Monday, 9 September 2013

In iOS 7, Twitter takes over social -- again

In iOS 7, Twitter takes over social -- again

New integrations turn Twitter into an intelligent content provider for iOS device owners, and make Facebook seem less relevant. It's like 2011 all over again.


Showing some repeat favoritism, Apple has once again picked Twitter to power the coolest social experiences for its 600 million iOS device owners.

During a keynote address at its annual Worldwide Developer Conference, the Cupertino company lifted the veil on iOS 7, its next-generation mobile operating system that reflects a new way of thinking around design. Aside from its altered appearance, the redone OS -- coming to consumers' iPhones and iPads this fall -- features a new Control Center, improved multitasking, iTunes Radio, better Camera and Photos apps, and an updated Safari browser.
Twitter is also ever-present in the release, having been upgraded from dumb social pipe to intelligent content provider. The information network has had an intimate connection to Apple and iOS customers since getting system-level integration in the 2011 release of iOS 5. The blessing helped Twitter instantly triple its iOS sign-ups. A year later, Facebook got the same treatment. (Curiously, both Twitter and Facebook status update options have been removed from the Notification Center in iOS 7.)
With iOS 7, Twitter will further infiltrate your device, going deeper into the operating system and becoming one with the system. Facebook not so much.
For starters, in the new version of Safari, iPhone, iPad, and iPod Touch owners will find something called Shared Links, a pre-populated reading list of articles as shared by the people they follow on Twitter. Here they can scroll through all the URLs from their Twitter timeline, as plucked out by Apple and Twitter. The Twitter browser addition, also coming to the new version of Safari for OS X Mavericks, acts as an alternative to searching, and gives people a no-nonsense, all-content view of what's happening on Twitter, as it's happening.

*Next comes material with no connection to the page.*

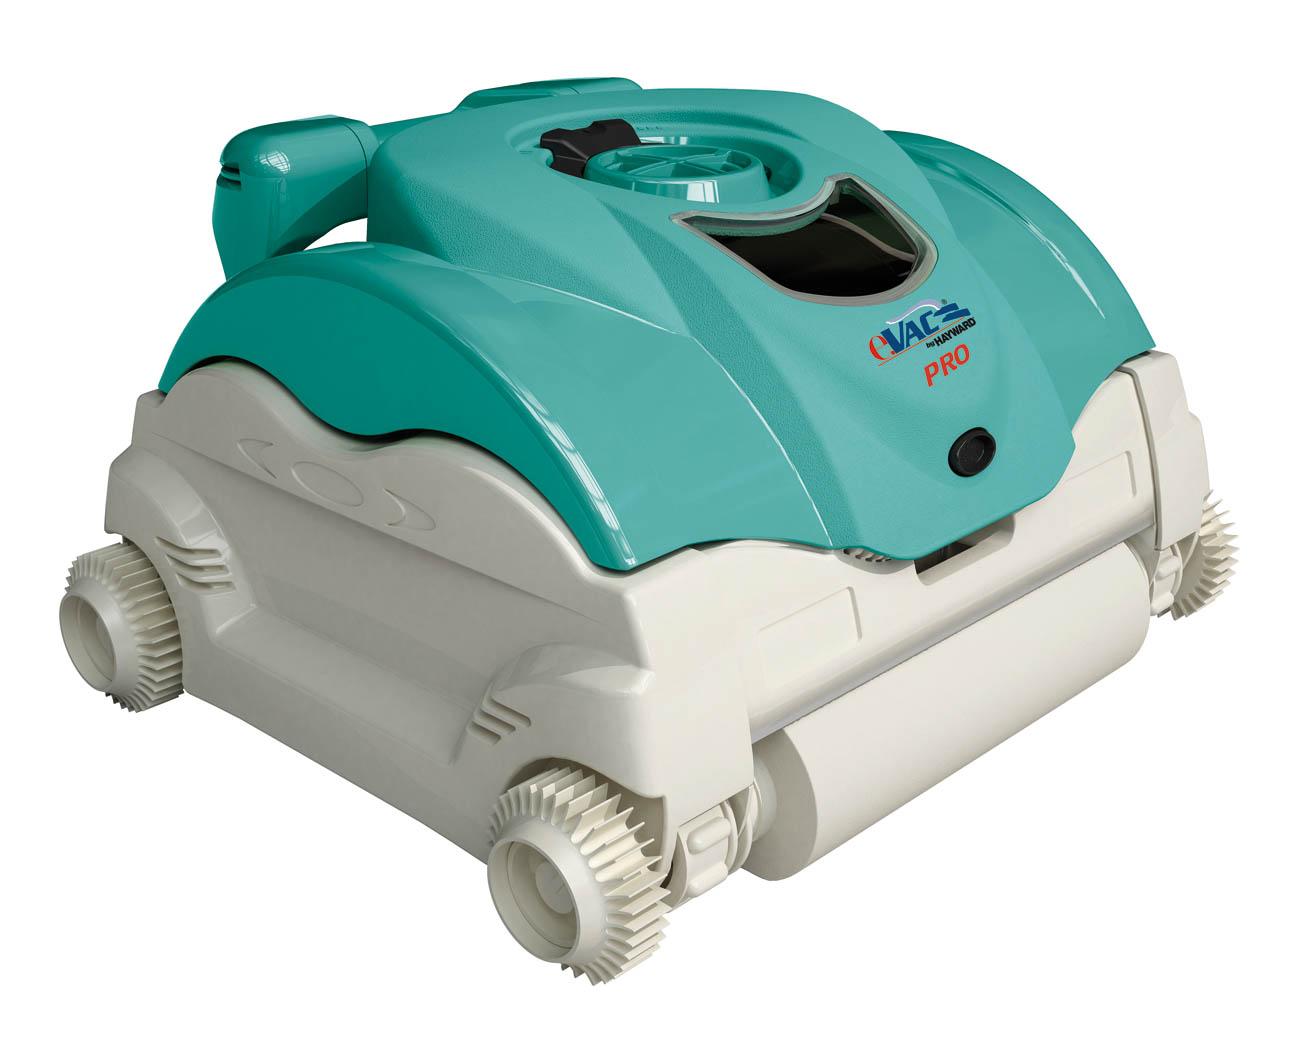 Robot limpiafondos piscina Evac Pro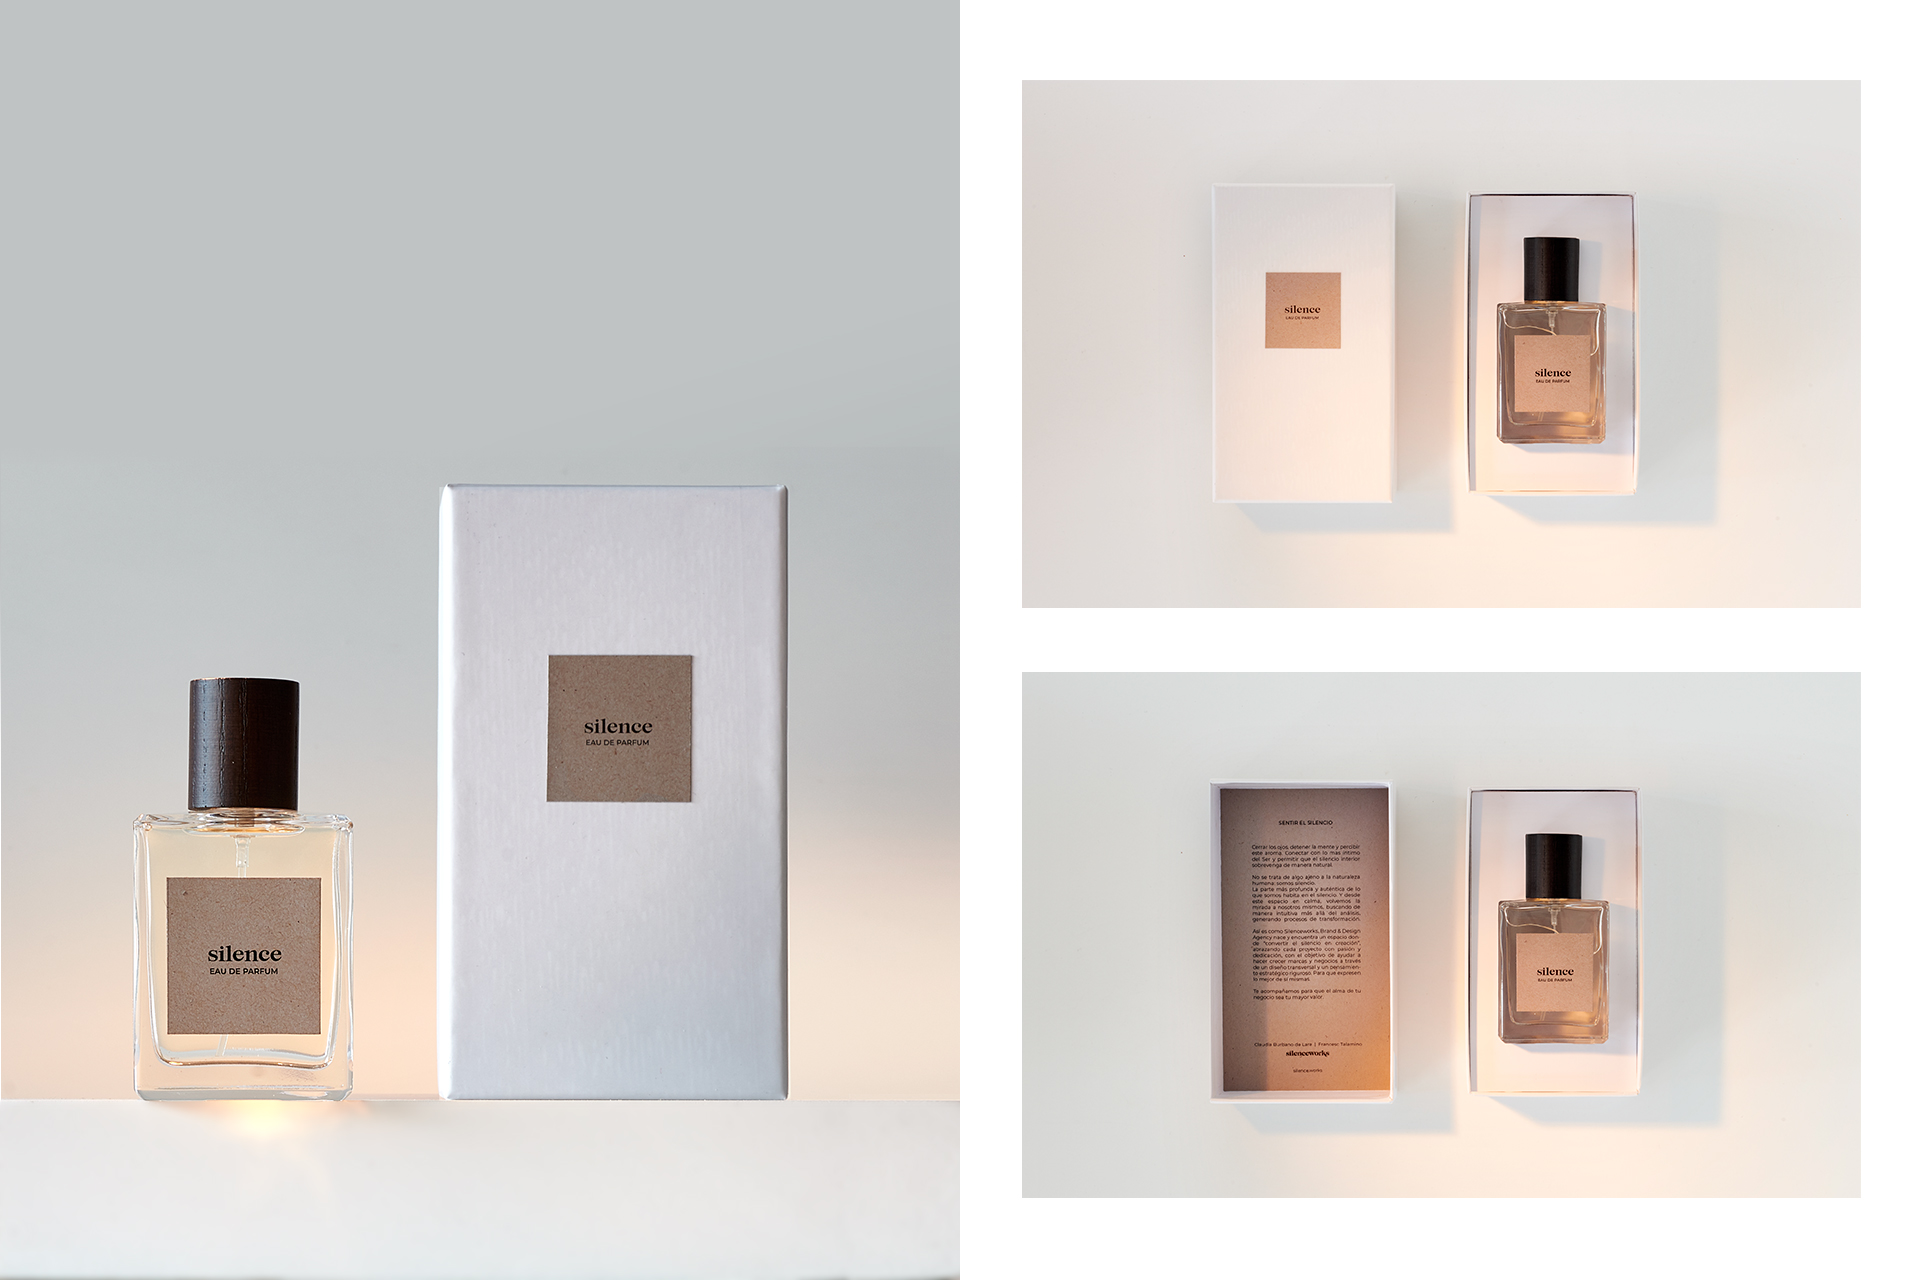 Silenceworks 'Eau de Parfum' by Silenceworks - Creative Work

But when it comes to searching, Siri and Twitter can do that too. In iOS 7, Siri has sucked in Twitter intelligence so that when you ask what people are saying about certain topics, she (or he now!) can tell you by showing you their tweets.
As an extra bonus, Twitter gets to play along with Apple's iTunes Radio, the brand-new Pandora-like digital radio service for Apple devices. iTunes Radio comes with more than 200 promoted genre-based stations, including one featured station that plays tracks trending on Twitter.
The music inclusion means that Twitter's own two-month old radio offering won't be getting trounced by the far bigger digital media player. Instead, it will be boosted by the association.
It's not as if Facebook has been booted from Apple handsets -- it's still a part of share sheets for one-click posting -- but the social network has certainly being pushed to the background, relegated to a distance second place in social in Apple's world.